Brief: Any picture in the data below gets skipped; print all the rest exactly.

Data:
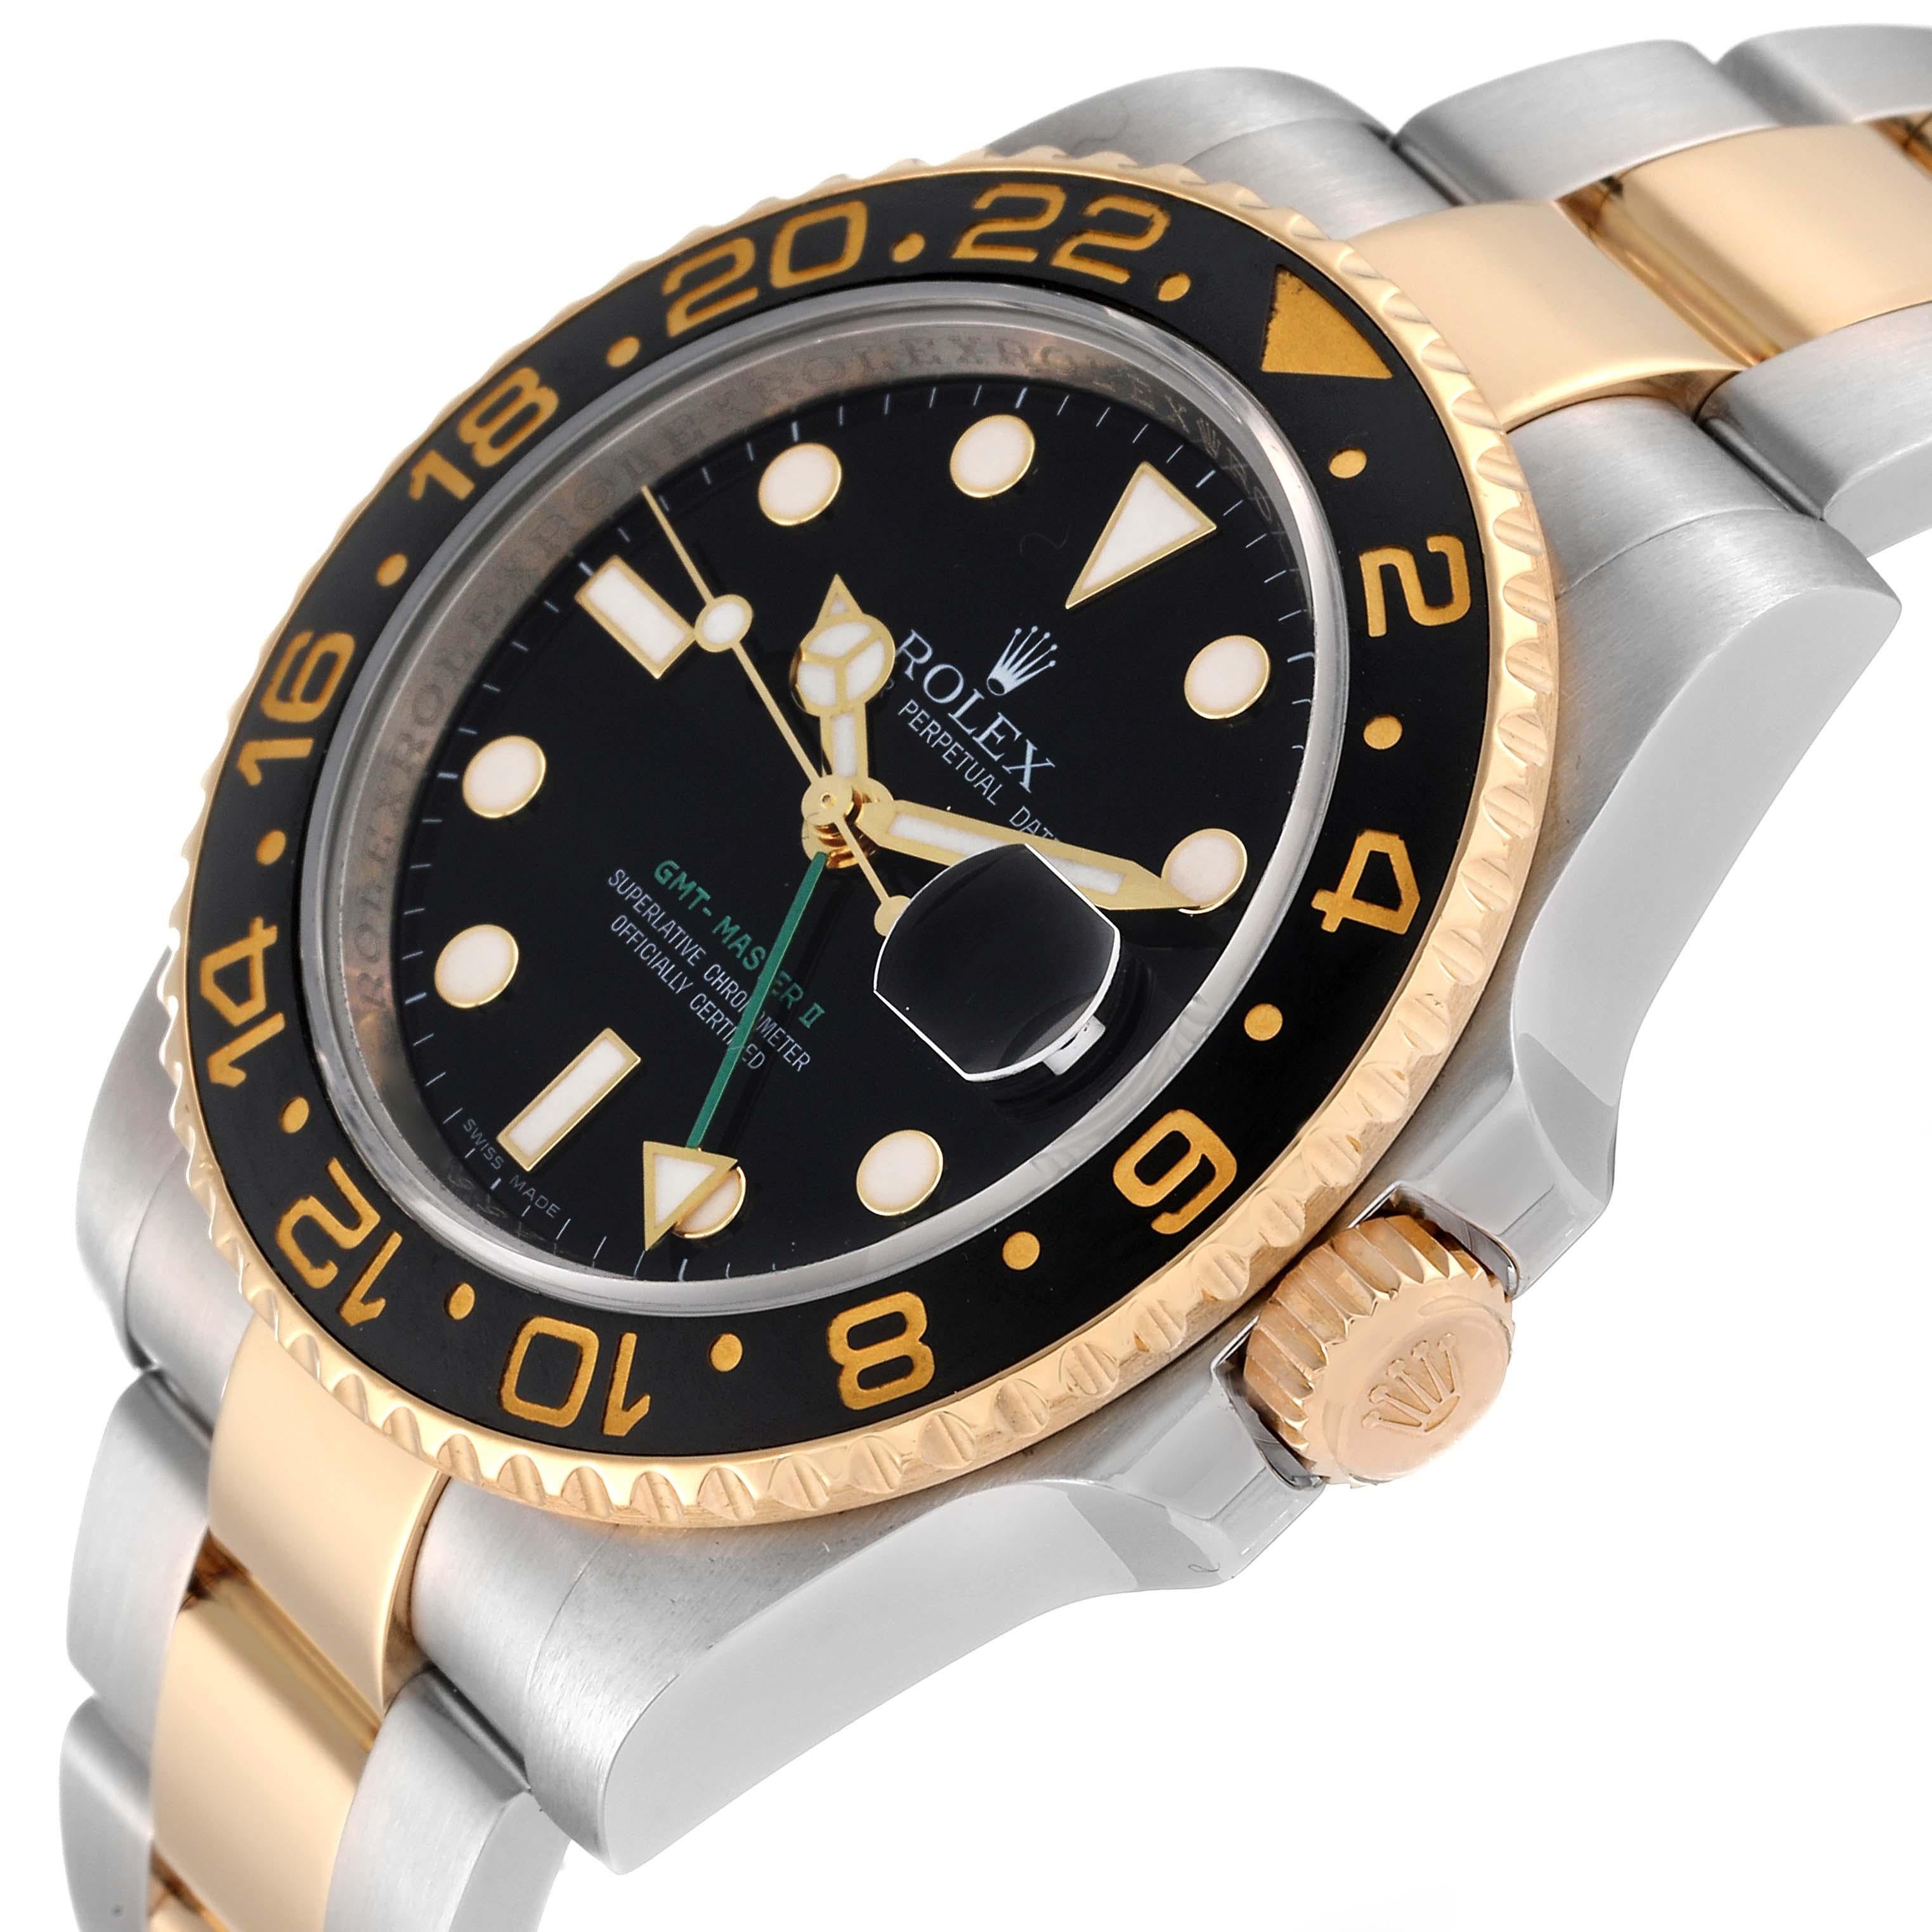 Rolex GMT Master II Steel Yellow Gold Black Dial Mens Watch 116713 Box Card 4
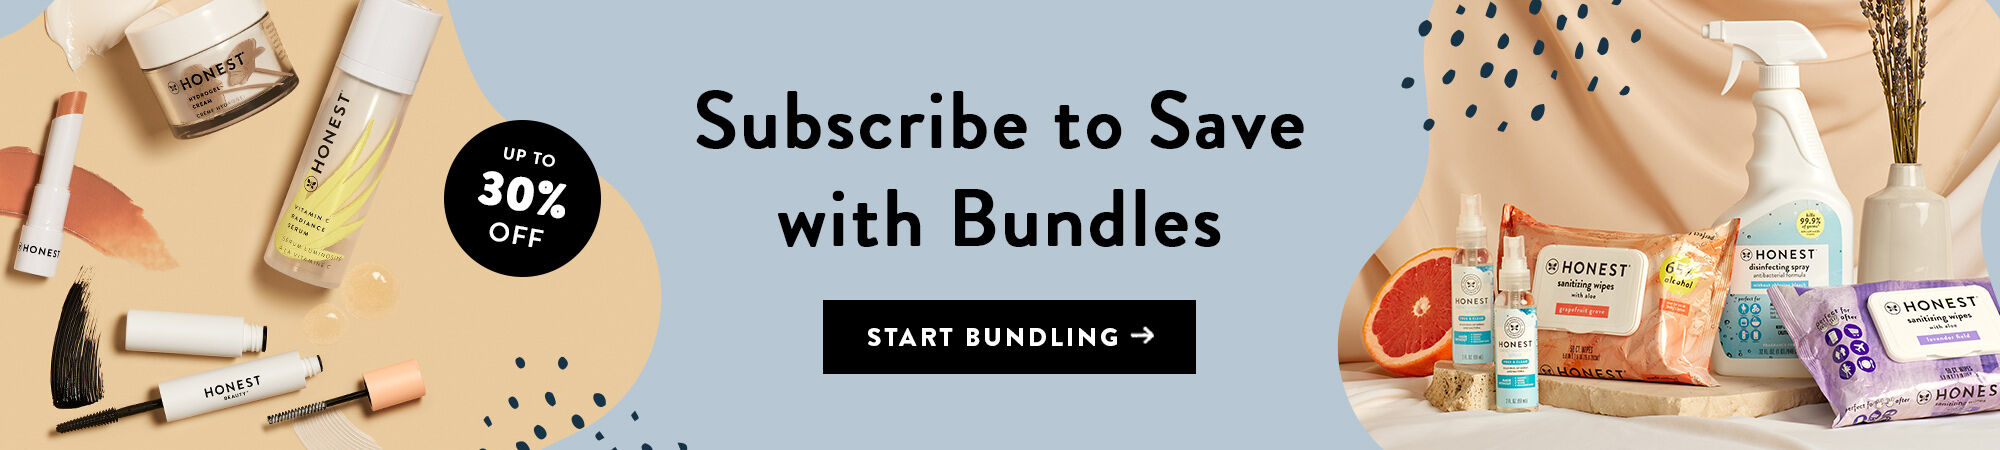 Subscribe to Save with Bundles
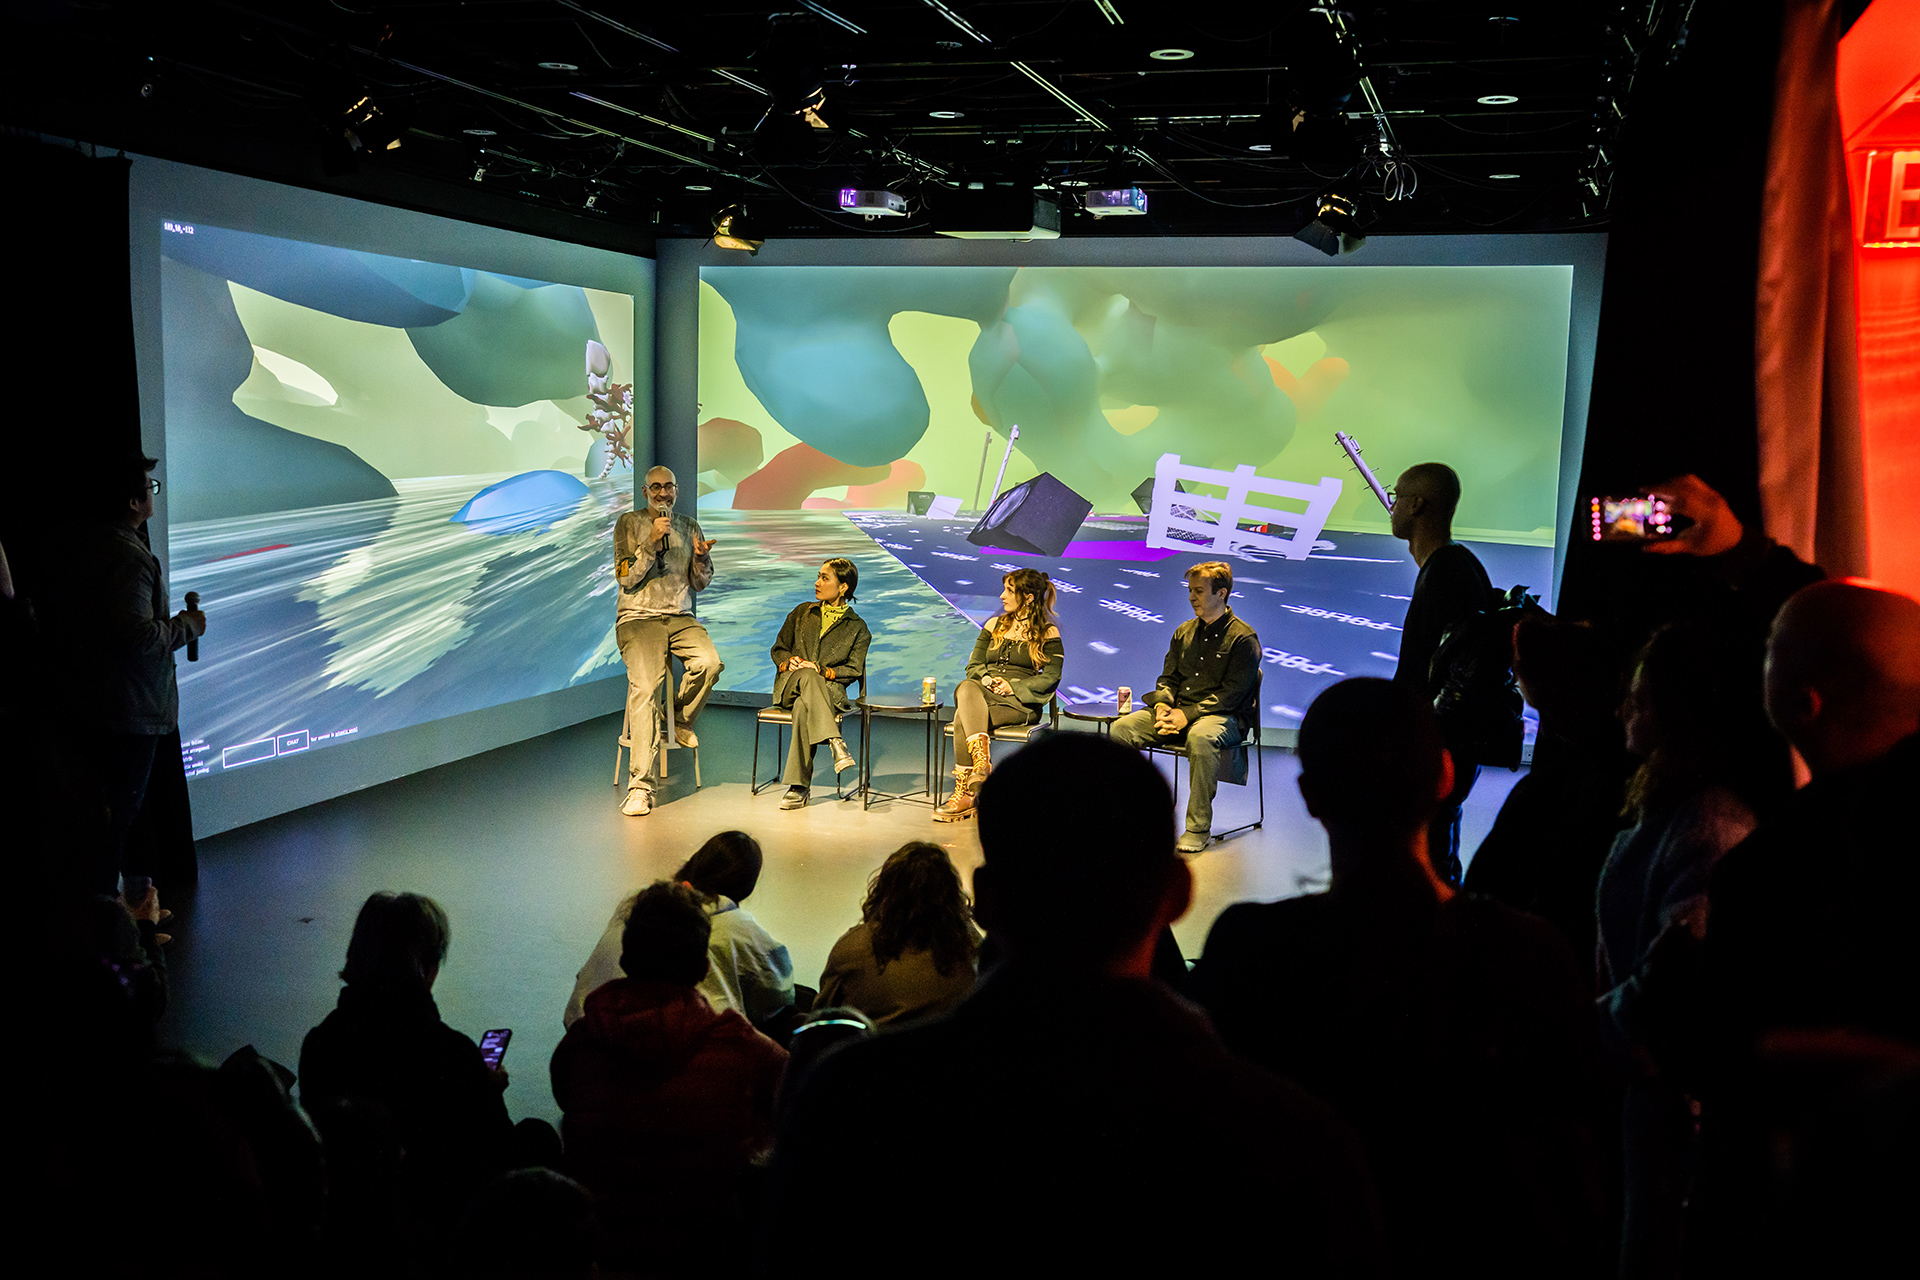 Photograph of four artists seated in a panel discussion style arrangement, with 3d graphics of the exhibition projected behind them.'

Answer space:
 Rolex GMT Master II Steel Yellow Gold Black Dial Mens Watch 116713 Box Card 4
 Subscribe to Save with Bundles
 Photograph of four artists seated in a panel discussion style arrangement, with 3d graphics of the exhibition projected behind them.'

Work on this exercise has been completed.